- WHAT THE TASK ASKS -
The listing is to be reproduced exactly, excluding its pictures.

- DATA PROVIDED -
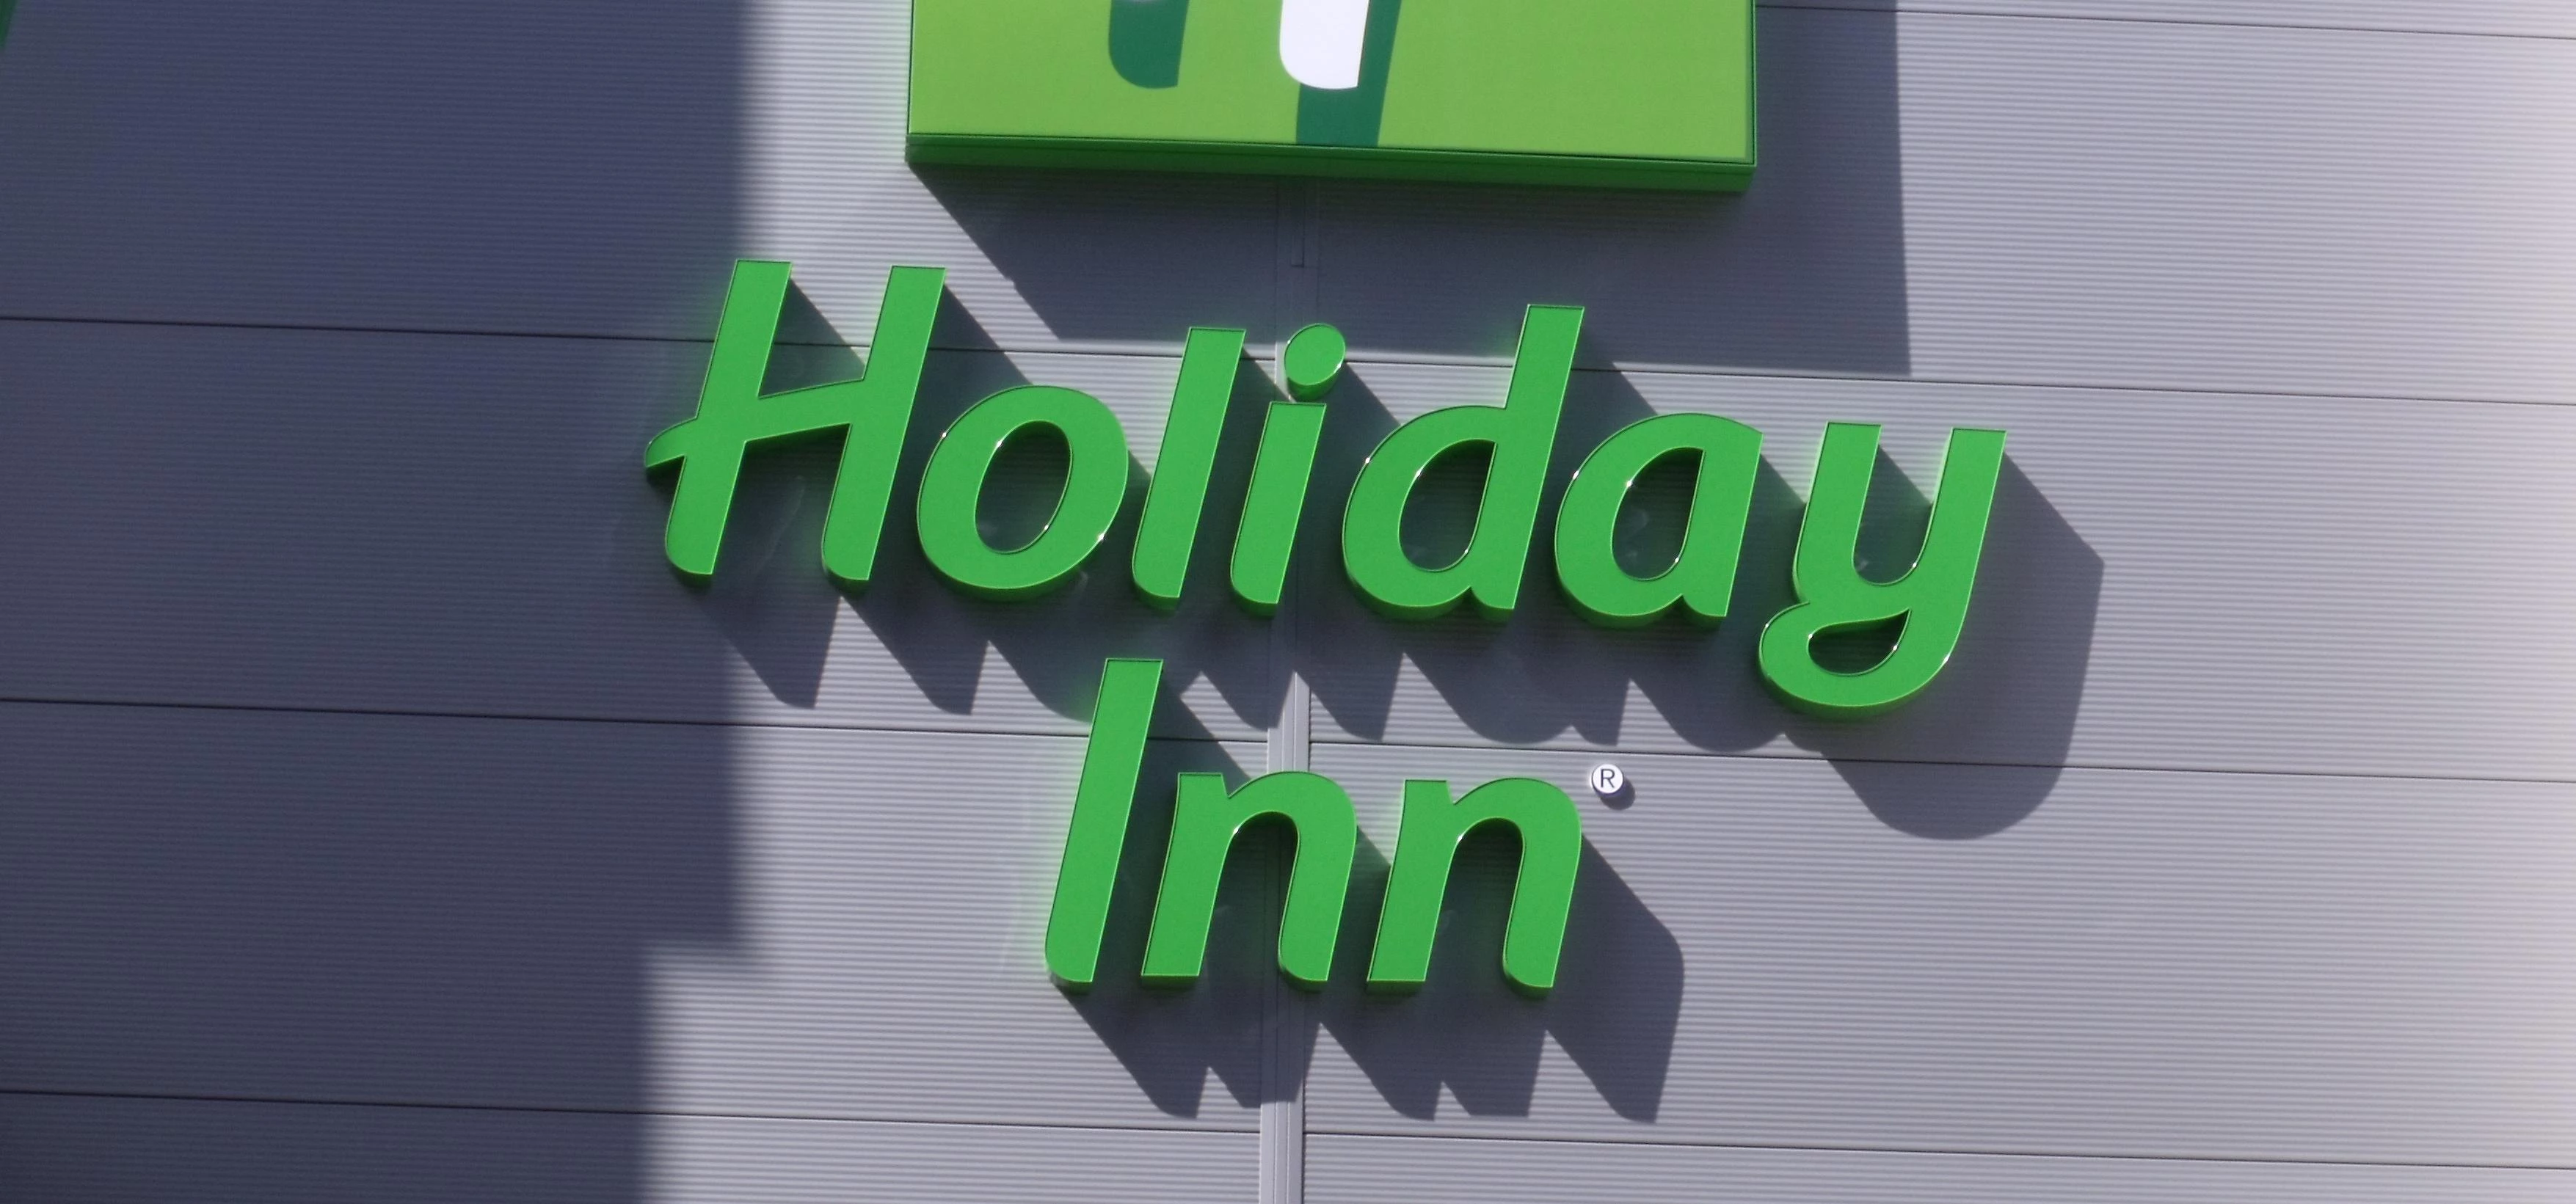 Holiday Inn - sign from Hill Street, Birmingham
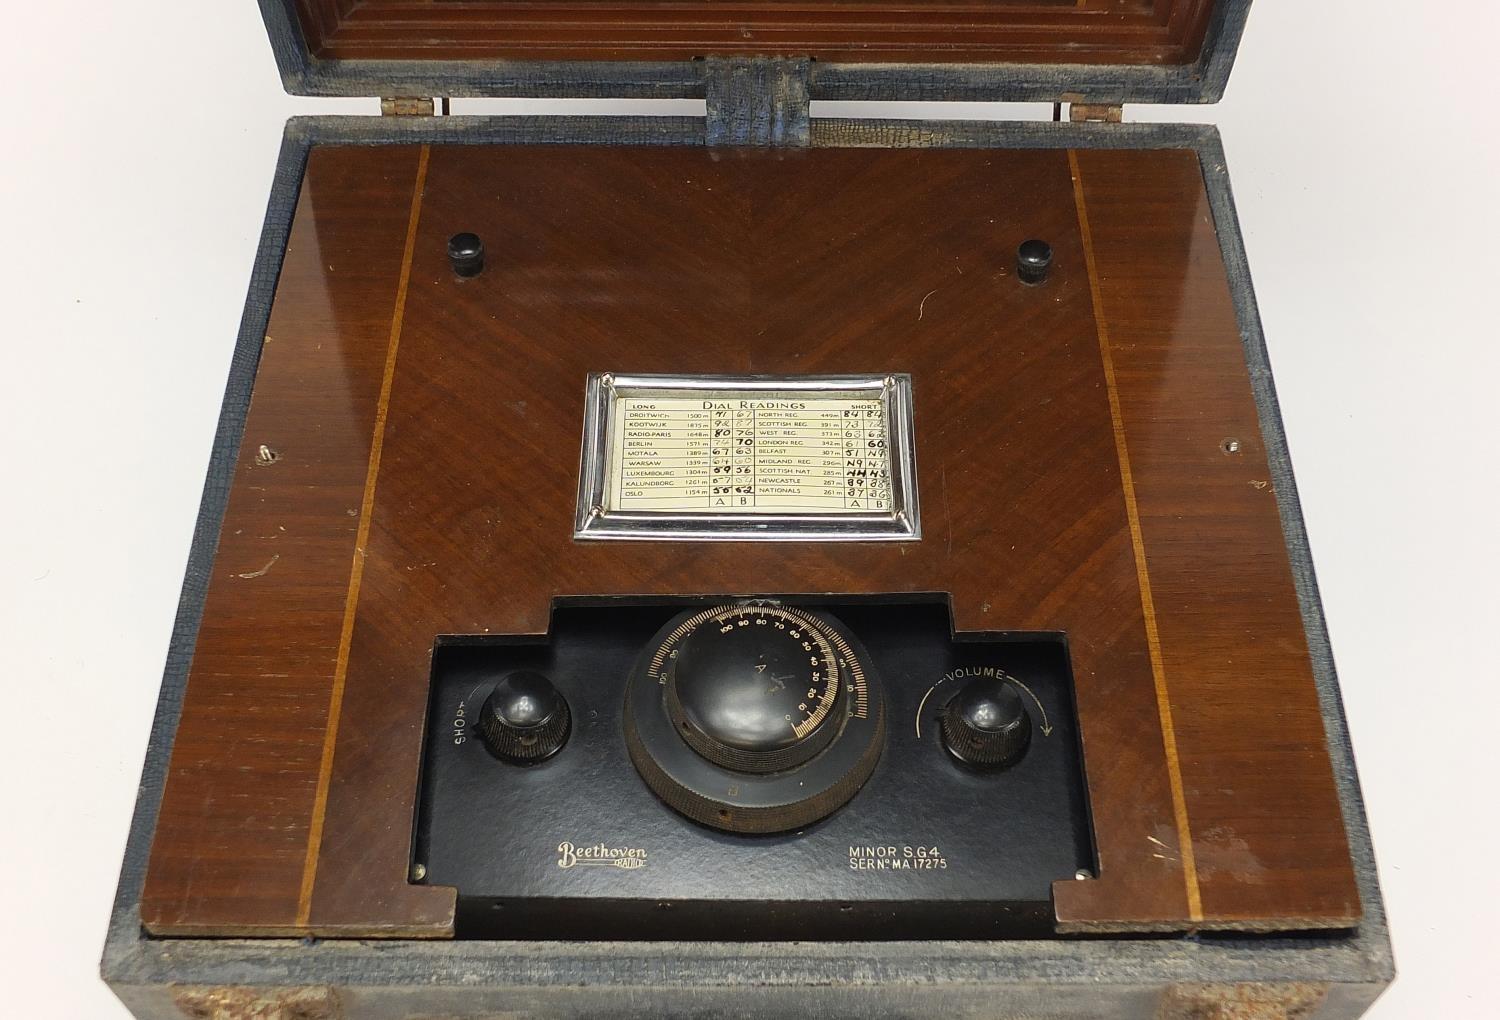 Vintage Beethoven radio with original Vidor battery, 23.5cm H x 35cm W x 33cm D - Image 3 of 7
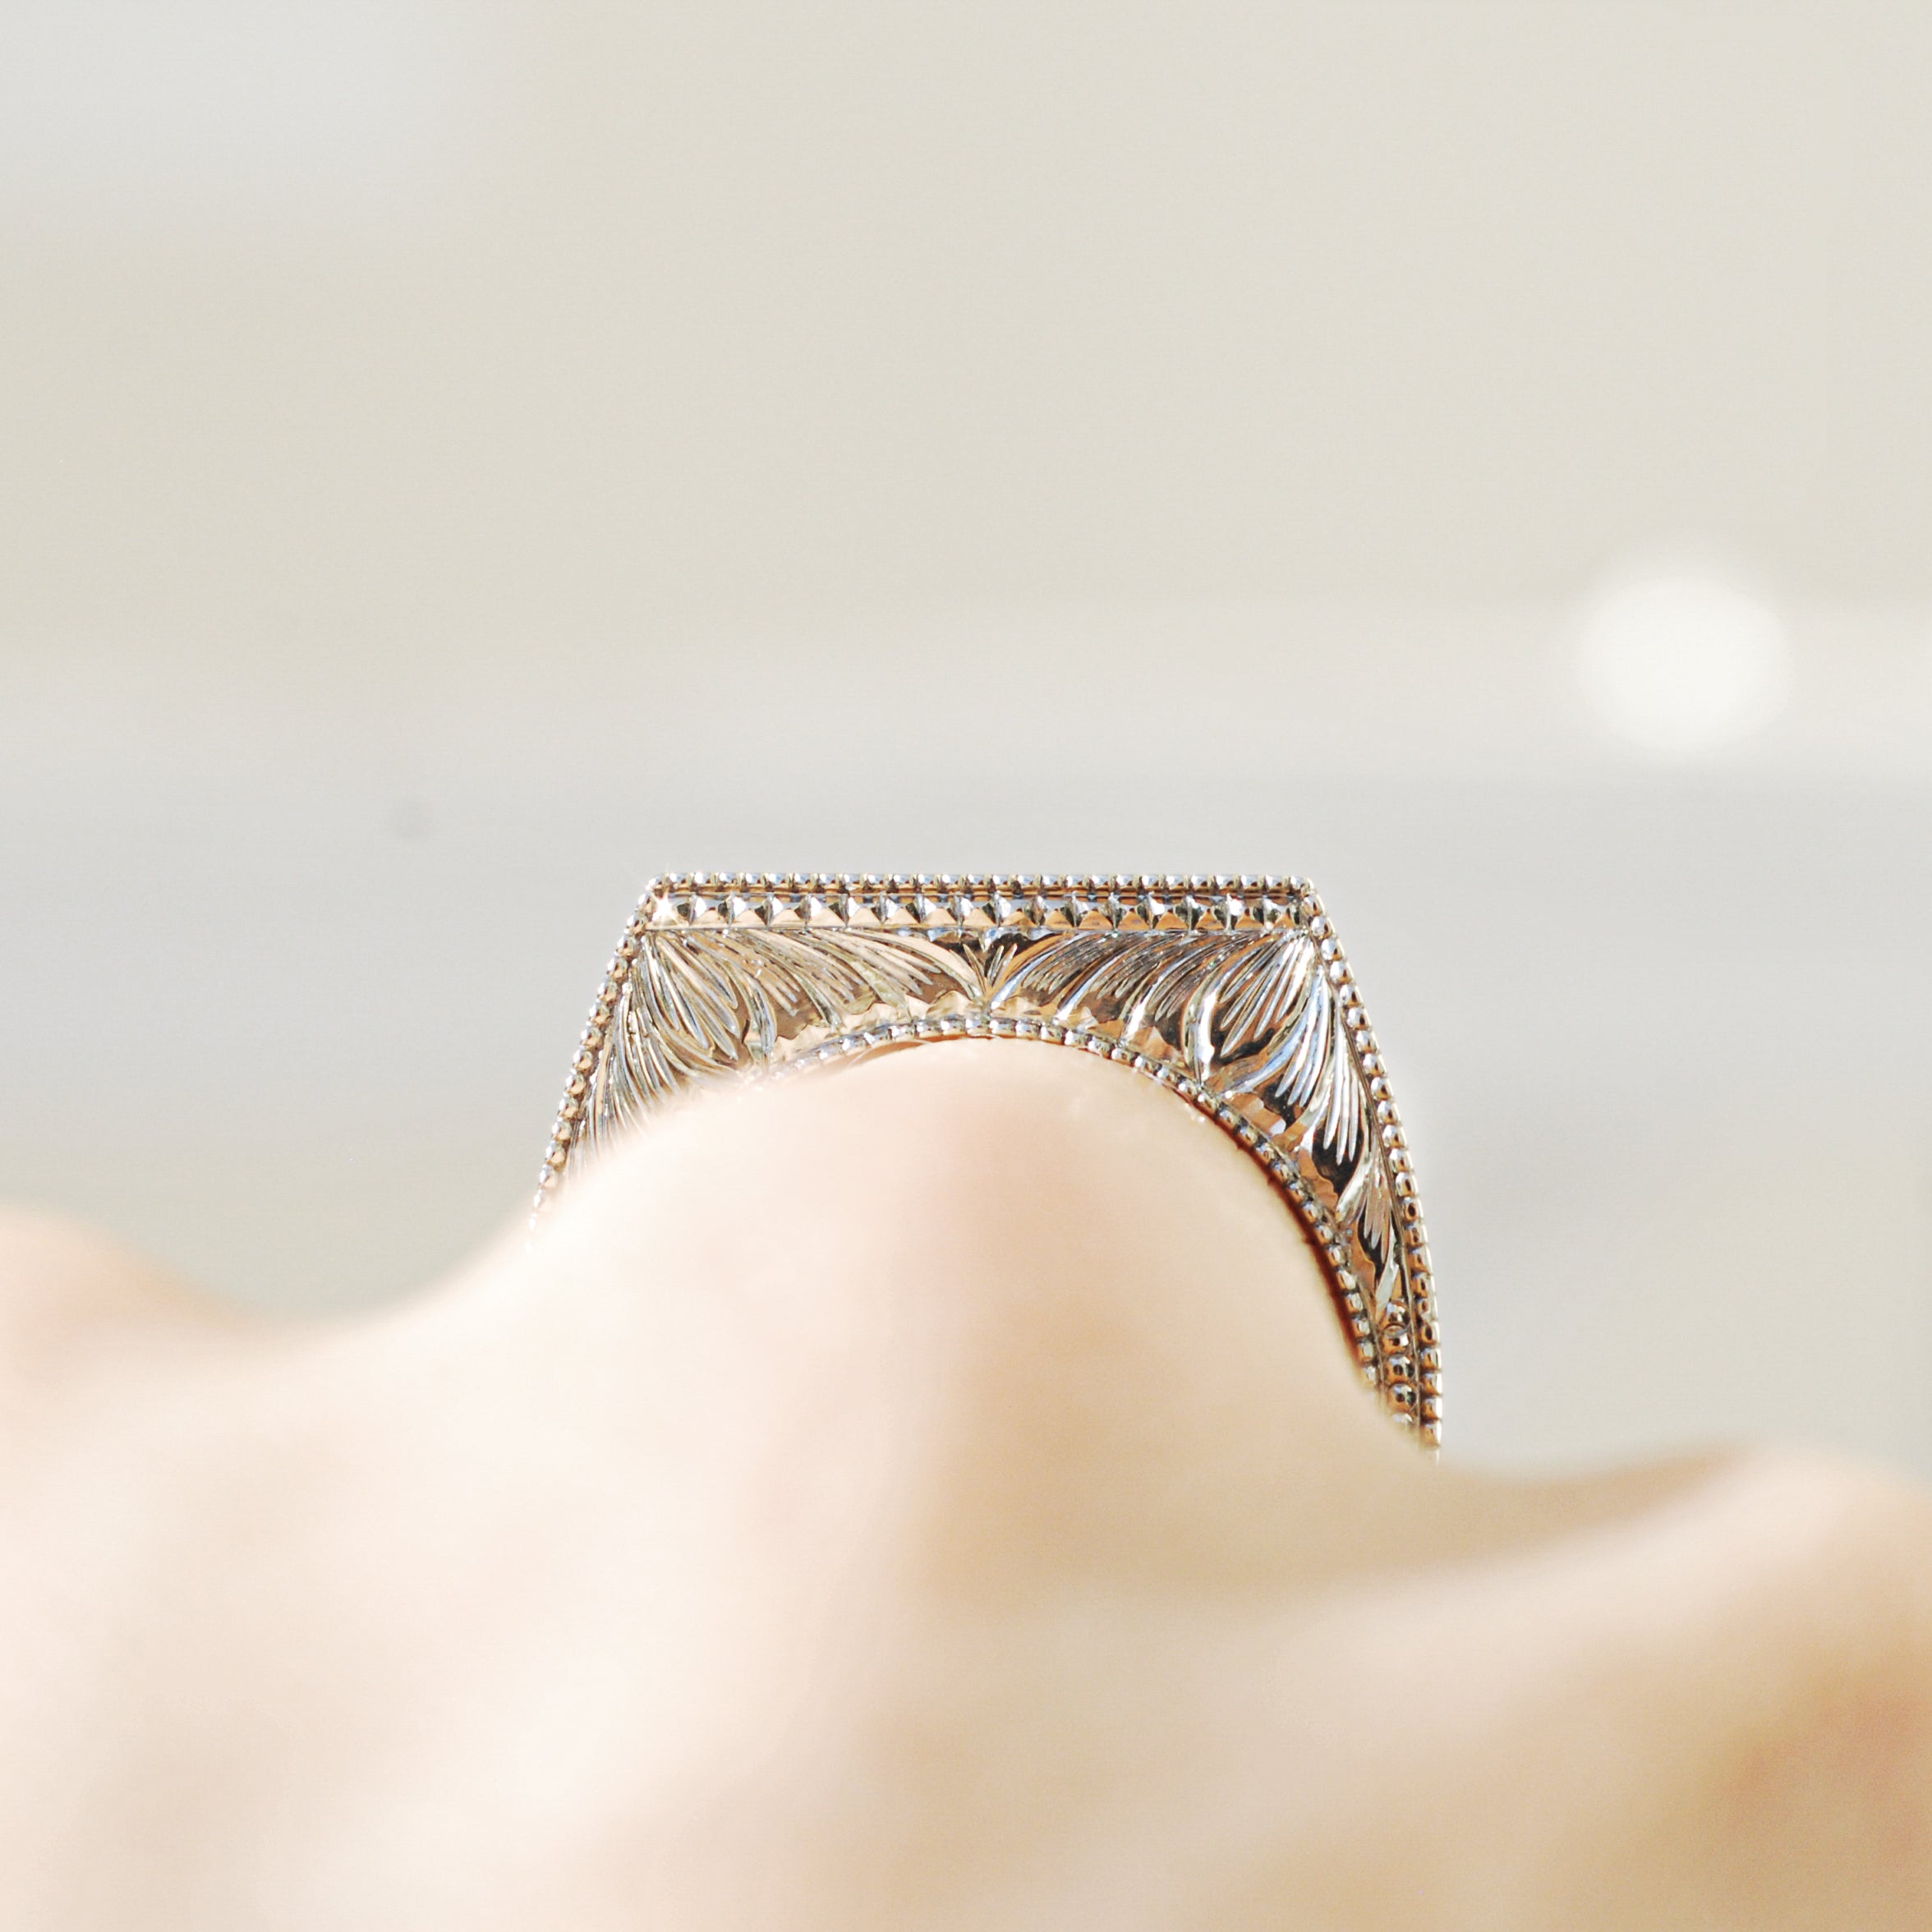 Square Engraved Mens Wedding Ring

- RESPONSE TO THE EXERCISE -
 Holiday Inn - sign from Hill Street, Birmingham
 Vintage Beethoven radio with original Vidor battery, 23.5cm H x 35cm W x 33cm D - Image 3 of 7
 Square Engraved Mens Wedding Ring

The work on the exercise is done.